I've long known that there must be a good movie hiding within the mess that is The Hobbit trilogy. The Maple Films edit takes some excellent steps toward pulling that good movie out of the muck. It's an improvement, to be sure. But for me, it ultimately fell short.
In an effort to save time, the Maple Films team ended up cutting out a lot of moments and scenes that I believe were necessary for narrative cohesion. Most notable, the Battle of Azanulbizar, which establishes Thorin's history with Azog. For better or worse, Azog is the major antagonist of the trilogy, and in order to give the final fight some emotional weight the history of the two characters is essential. Without it, he's just a random orc that is, for unknown reasons, an old enemy of Thorin and their conflict falls flat for the viewer.
-In an attempt to achieve visual consistency with The Lord of the Rings, they went overboard with the color grading. The desaturation throughout the film is far too extreme.

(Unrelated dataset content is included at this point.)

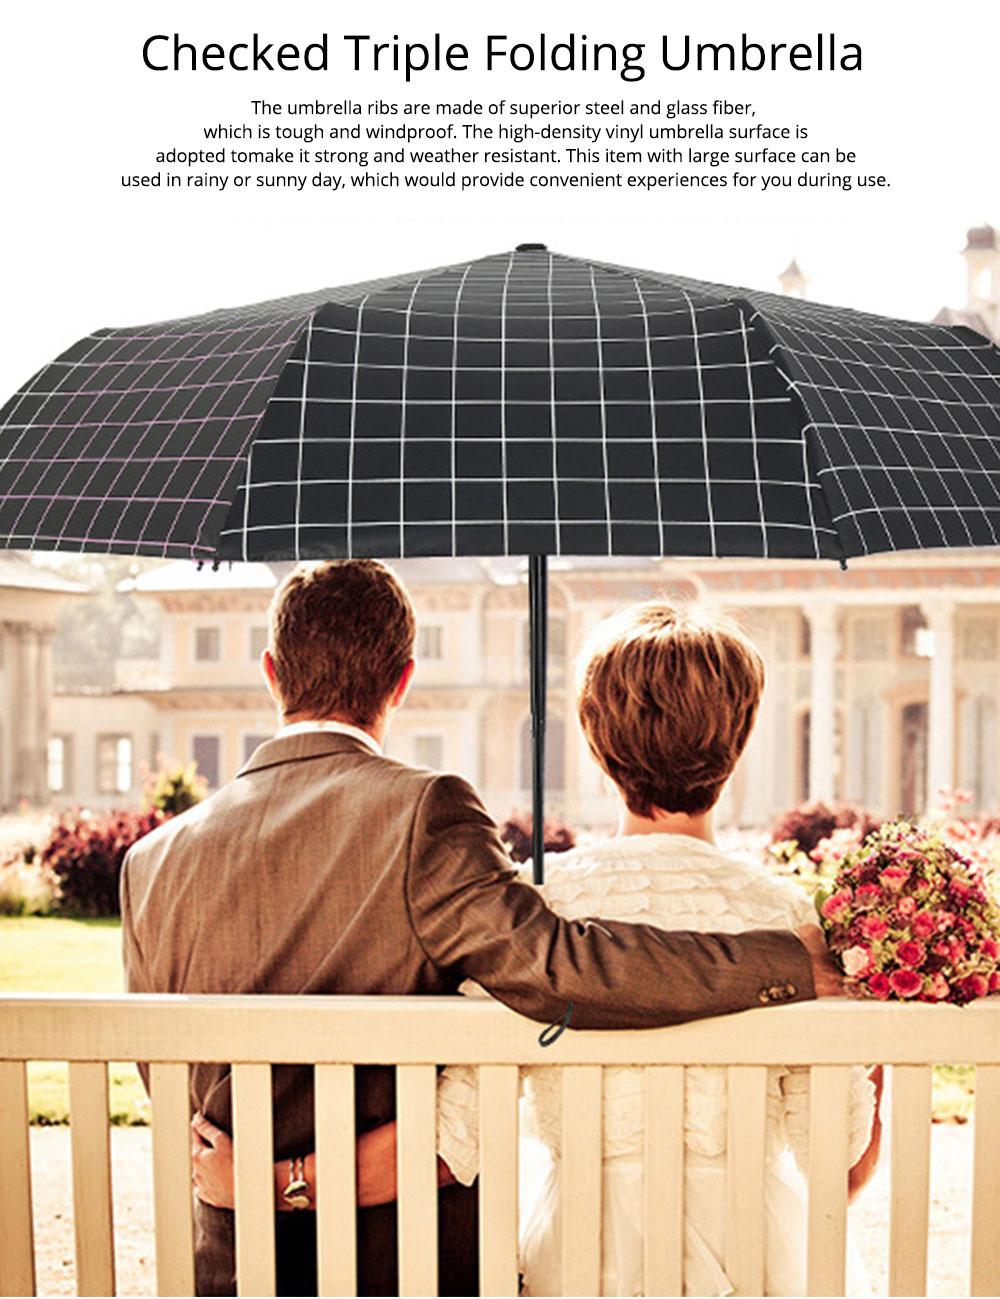 Triple Folding Umbrella in Sunny or Rainy Combination, Sun Protection UV Protection Umbrella with Vinyl Surface 7
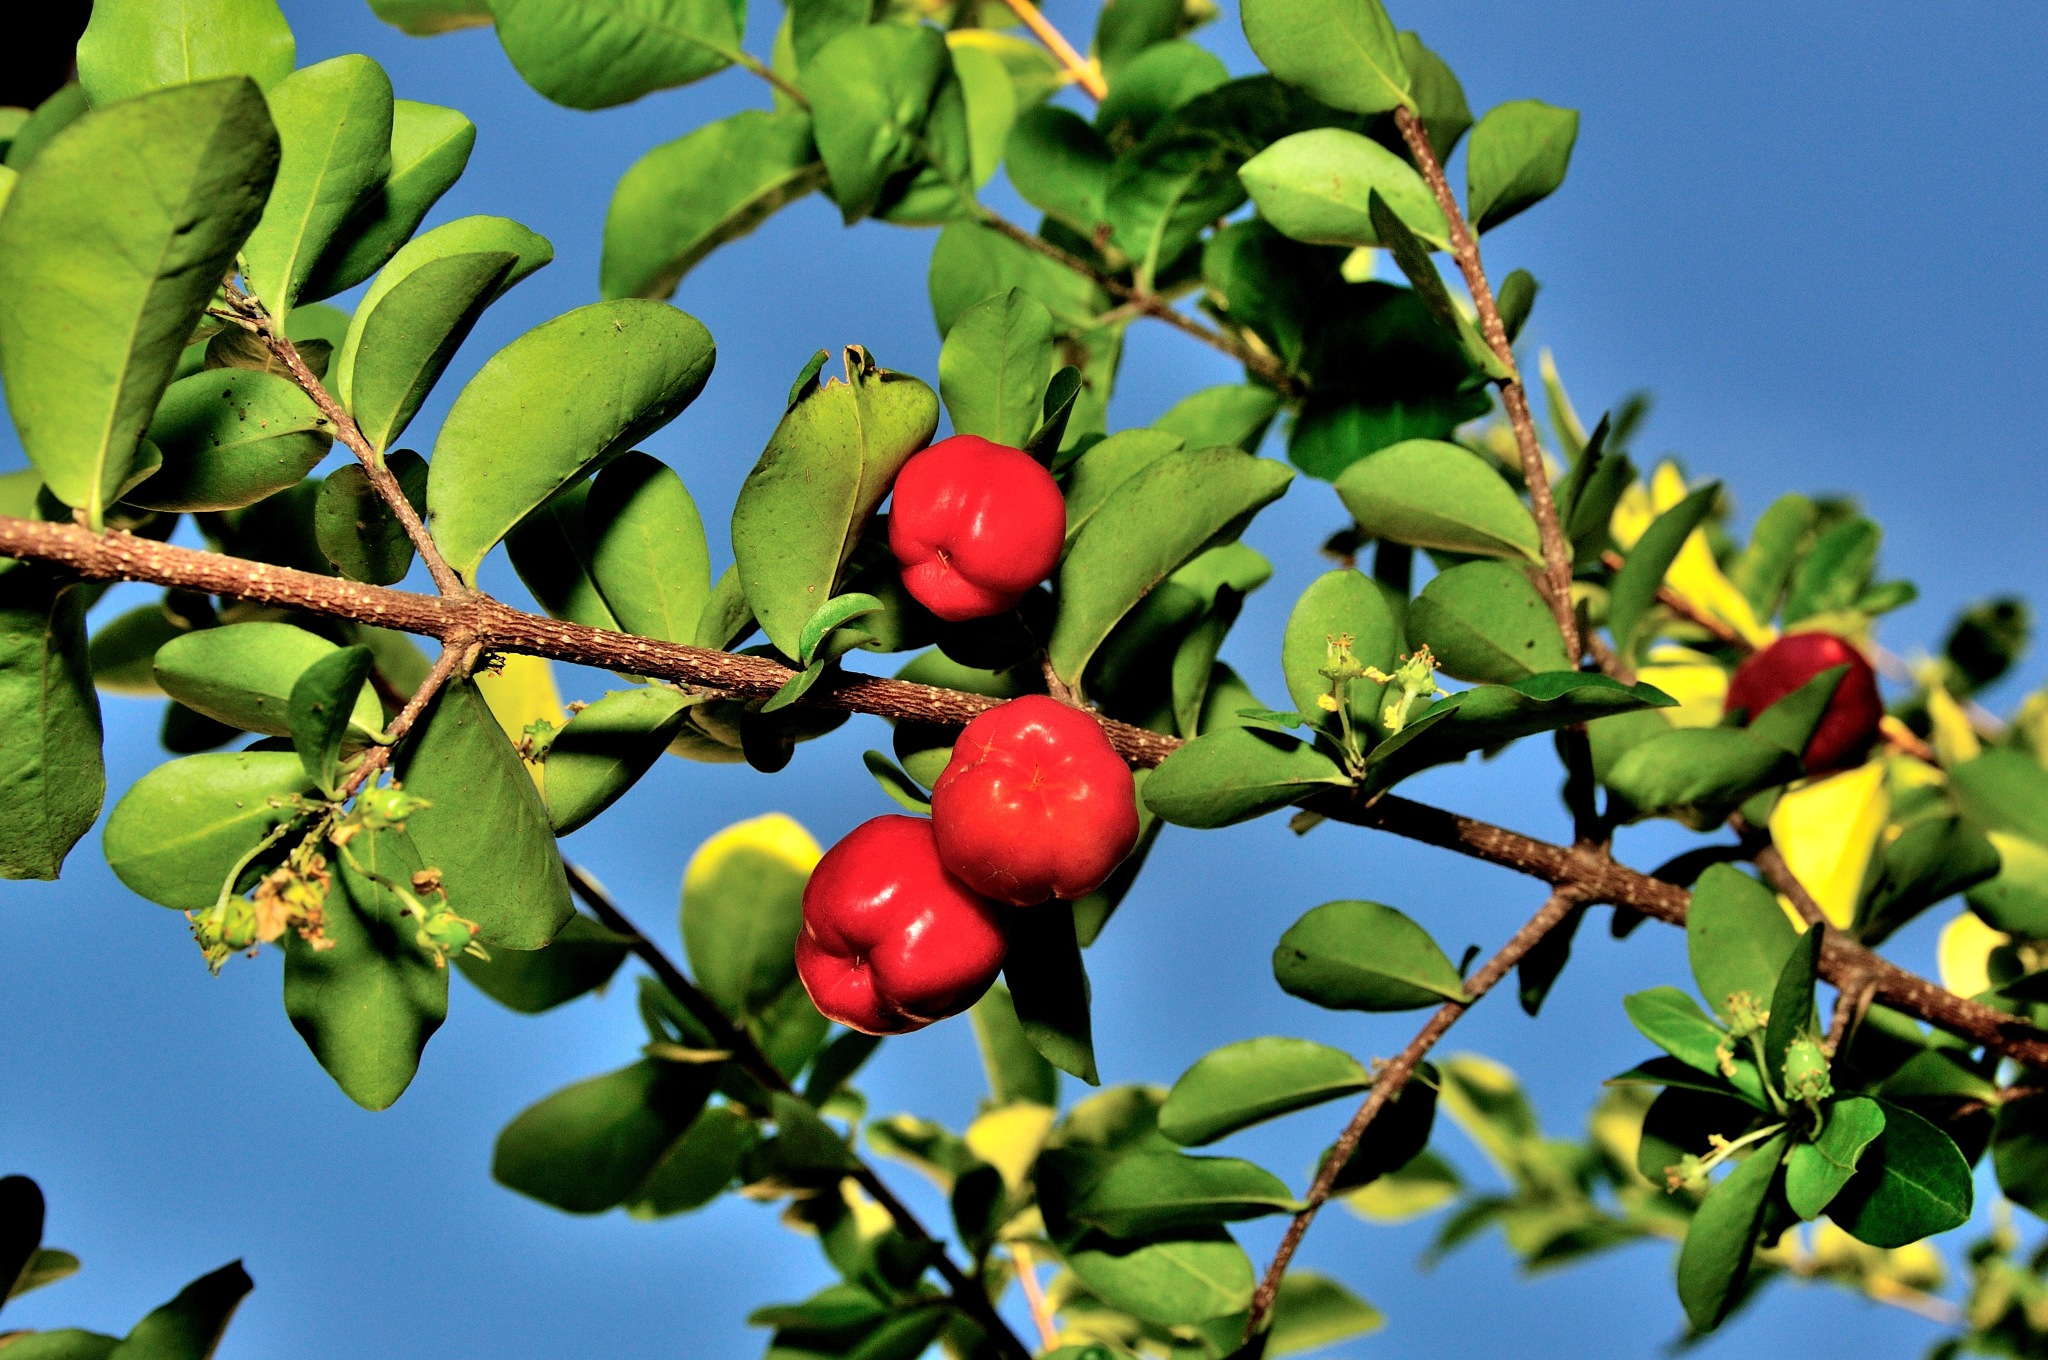 Barbados cherry by jluiz

-A good effort at fixing Smaug the Golden, but he still appears wet while exiting Erebor. I acknowledge that this is one of the two most difficult challenges that fan editors of The Hobbit face. The other great challenge is...
-...the transition between An Unexpected Journey and The Desolation of Smaug. This cut leaves a lot to be desired. The voiceover was a creative solution, but in my opinion the flight of the eagles was cut far too short and the whole thing feels off.
-I loved the way this cut handled the deaths of Kili and Fili. I think the cut could have used a bit of polish, but the idea was fantastic.
My biggest thought after watching this edit was, "I thought this was supposed to be JRR Tolkein's The Hobbit?" I don't really feel that it's fair to title this edit in such a way when it's nowhere near a book cut. I still had to watch the Elven/Goblin fight during the barrel sequence, the dwarves still ran around with Smaug inside the mountain, Bard still shot the arrow off of his son's shoulder, and we watched the whole finale unfold between Thorin and Azog. It'd be one thing if there were just no good way to cut these things out, but they have all been skillfully taken care of in various other edits. This is absolutely a better film than the theatrical trilogy, but it falls short as a book cut, which is what I expected given the title.
Finally, I thought it was odd the massive amount of effort that went into all of the formats and subtitles available for this edit, yet they lazily copied and pasted the credits from The Battle of the Five Armies? Not only are there names of actors and characters who never appear in the film, there are drawings of them! I've heard time and again that the goal with fanedits is for them to feel like theatrical releases. When the end credits started rolling and a bunch of faces popped up that weren't in the film, it definitely screamed fanedit to me.
I apologize for the harsh review, but I have to disagree with the general consensus here--they put a lot of effort into this one, to be sure, but it fell short in a lot of ways for me, unfortunately.